AF is the most prevalent form of cardiac arrhythmia, and the prevalence and mortality of AF are still increasing globally [29]. Although many risk factors, such as age, hypertension, and diabetes, have been proposed [29], the incidence and prevalence are still high. Therefore, new causes need to be clarified. NAFLD has been identified as the most common liver and metabolic disease worldwide, with a high global prevalence [30]. Increasing evidence has reported that NAFLD is a multisystem disease [31]. Mounting evidence has indicated a strong relationship between NAFLD and cardiovascular disease [32]. However, NAFLD has not been fully deemed an important risk factor by cardiologists, and NAFLD has not been included in the guidelines as a main risk factor for the prevention and treatment of cardiovascular diseases [30]. Interestingly, many clinical studies have suggested that NAFLD patients have a higher prevalence of arrhythmias such as AF [10, 33]. However, the potential pathophysiological mechanisms of NAFLD and AF are quite complex. To elucidate the molecular mechanism in these two diseases, new molecules need to be revealed. Thus, in the current study, an effective method of bioinformatics technology was applied to mine valuable data and analyze complicated genetic networks.

We reviewed the previous literature and found that several putative mechanisms potentially link NAFLD and AF. Certain changes occur in the liver of NAFLD patients that could lead to disturbances in the liver-heart crosstalk networks. First, NAFLD might lead to increased systematic inflammation, which might trigger AF [34]. Second, the increased thickness of epicardial fat and dysregulation of glucose and lipid metabolism in NAFLD patients has been shown to be linked to the dysfunction of left ventricular diastolic, which is a potential hazard for AF [35]. The thickened epicardial fat acts as an endocrine organ and secretes proinflammatory cytokines and prooxidant molecules, which might result in morphological and functional cardiac alterations [36]. Finally, NAFLD has also been indicated to be related to the disturbance of immunologic homeostasis, which may play crucial roles in AF initiation and progression [37]. These NAFLD-associated changes might play important roles in the structural, electrical, and autonomic remodeling of the left atrium [38]. Therefore, the inflammatory response and immune dysfunction are very important in the progression of NAFLD and AF. The link between the two diseases could have crucial clinical implications for patients with NAFLD and emphasize prophylaxis against AF.
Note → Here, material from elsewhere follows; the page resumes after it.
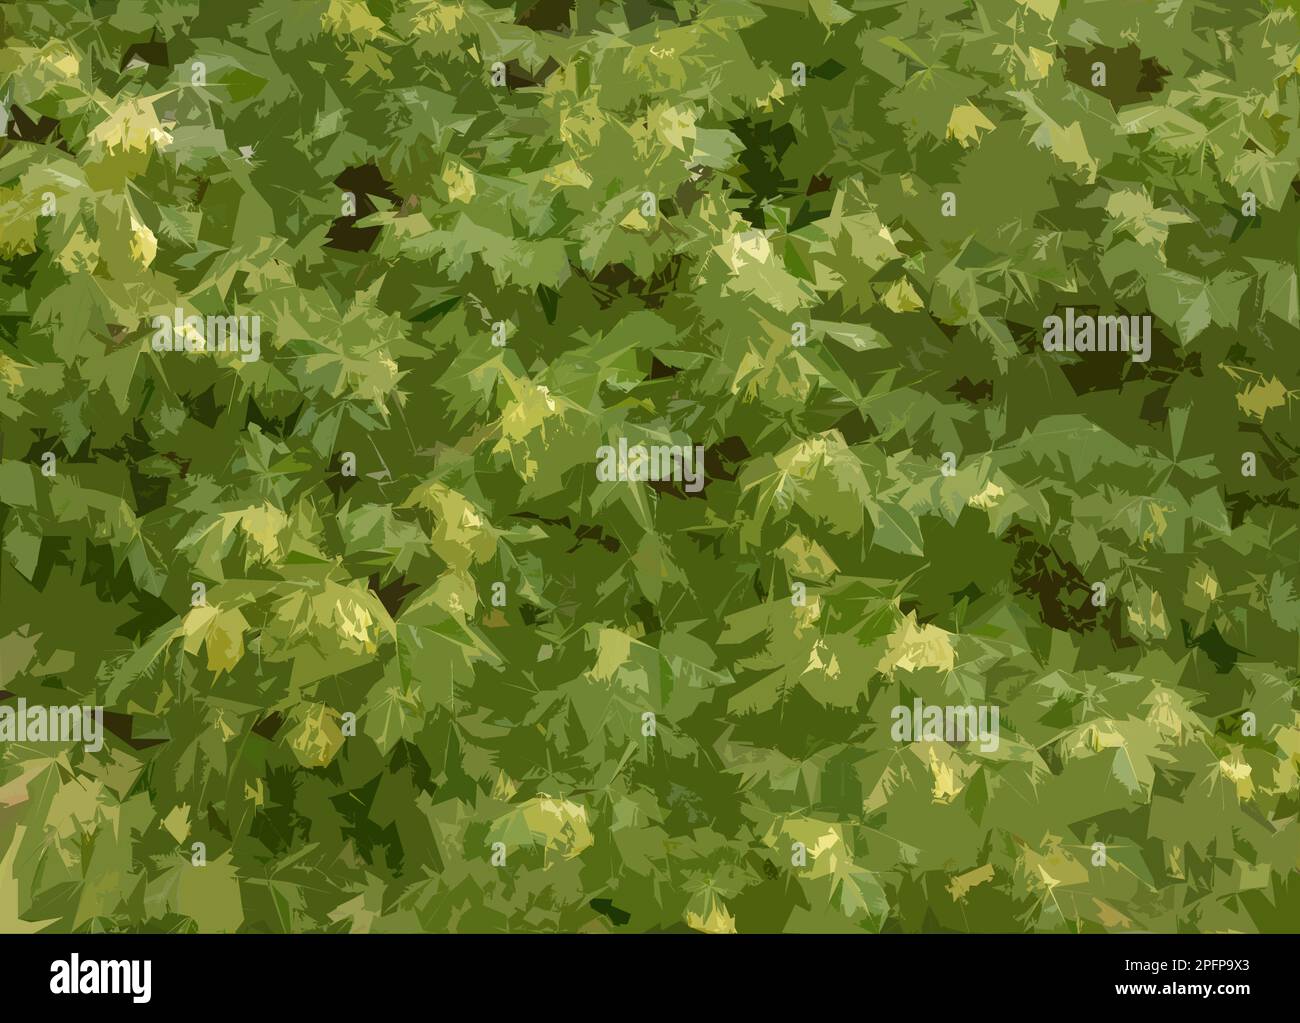 Closeup illustration of the garden tree Ptelea trifoliata or  hoptree seen with leaves and flowers. Stock Photo
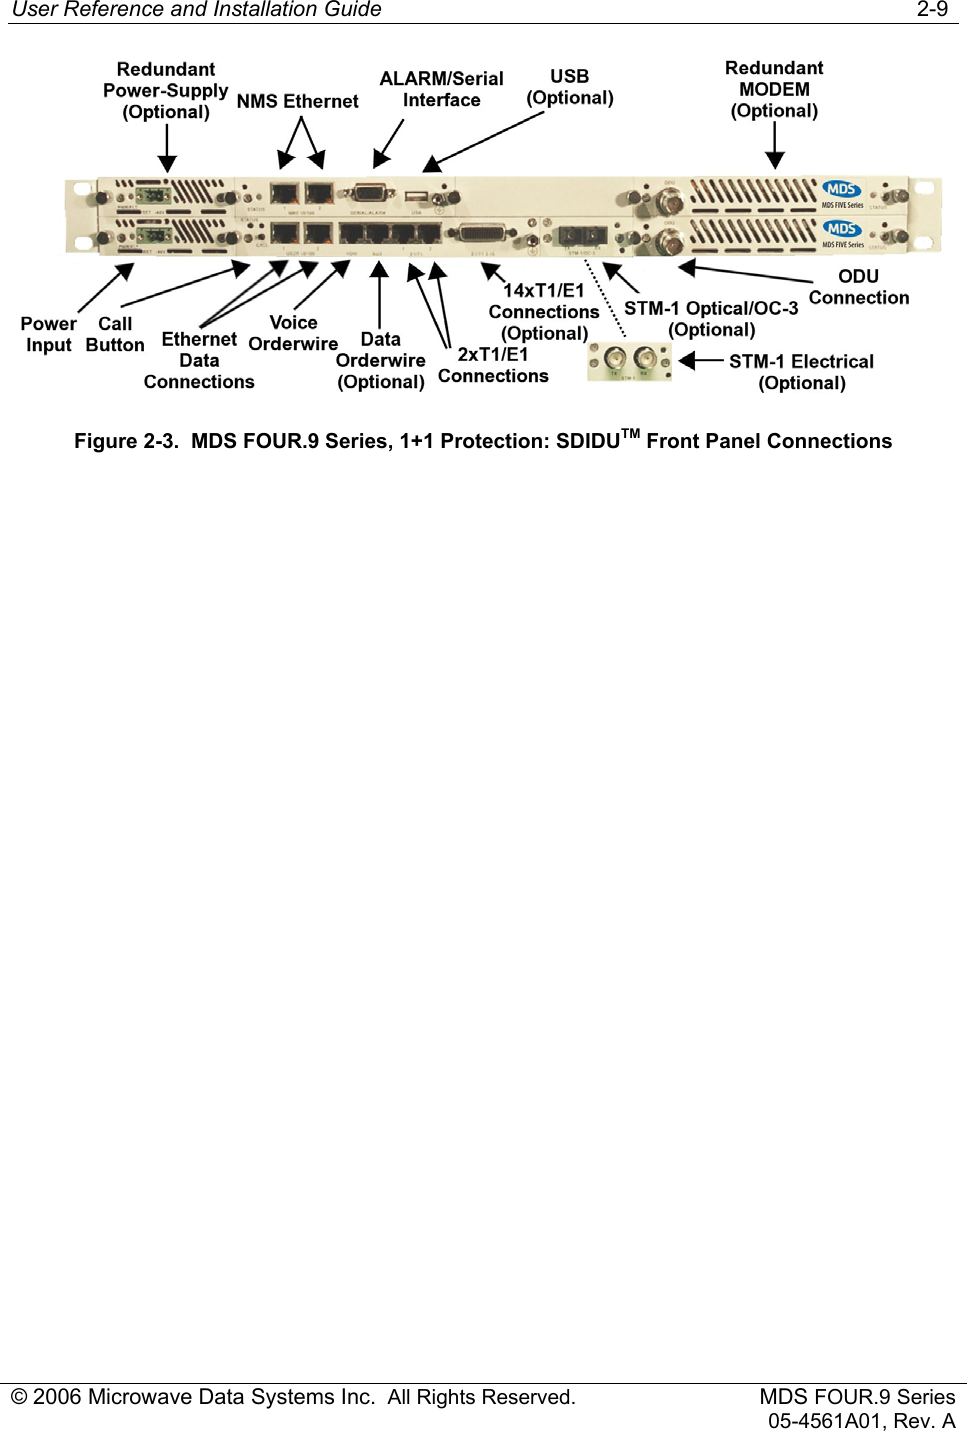 User Reference and Installation Guide   2-9 © 2006 Microwave Data Systems Inc.  All Rights Reserved. MDS FOUR.9 Series 05-4561A01, Rev. A  Figure 2-3.  MDS FOUR.9 Series, 1+1 Protection: SDIDUTM Front Panel Connections

In the current study, 45 co-DEGs were identified between NAFLD/AF and healthy controls based on large mRNA expression datasets. These co-DEGs were primarily linked to immune and inflammatory responses, such as neutrophil degranulation, neutrophil activation involved in immune response, and neutrophil activation, and significantly enriched in inflammation pathways, such as cytokine-cytokine receptor interaction, IL-17 signaling pathway, and chemokine signaling pathway. PPI network analyses showed that the hub genes (CCR2, PTPRC, CXCR2, MNDA, S100A9, NCF2, S100A12, and S100A8) were upregulated in both NAFLD and AF datasets and may play crucial roles in the pathogenesis of NAFLD and AF. These genes were also significantly enriched in immune- and inflammatory- related responses, including leukocyte chemotaxis, neutrophil chemotaxis, the IL-17 signaling pathway, viral protein interactions with cytokines and cytokine receptors, and the chemokine signaling pathway.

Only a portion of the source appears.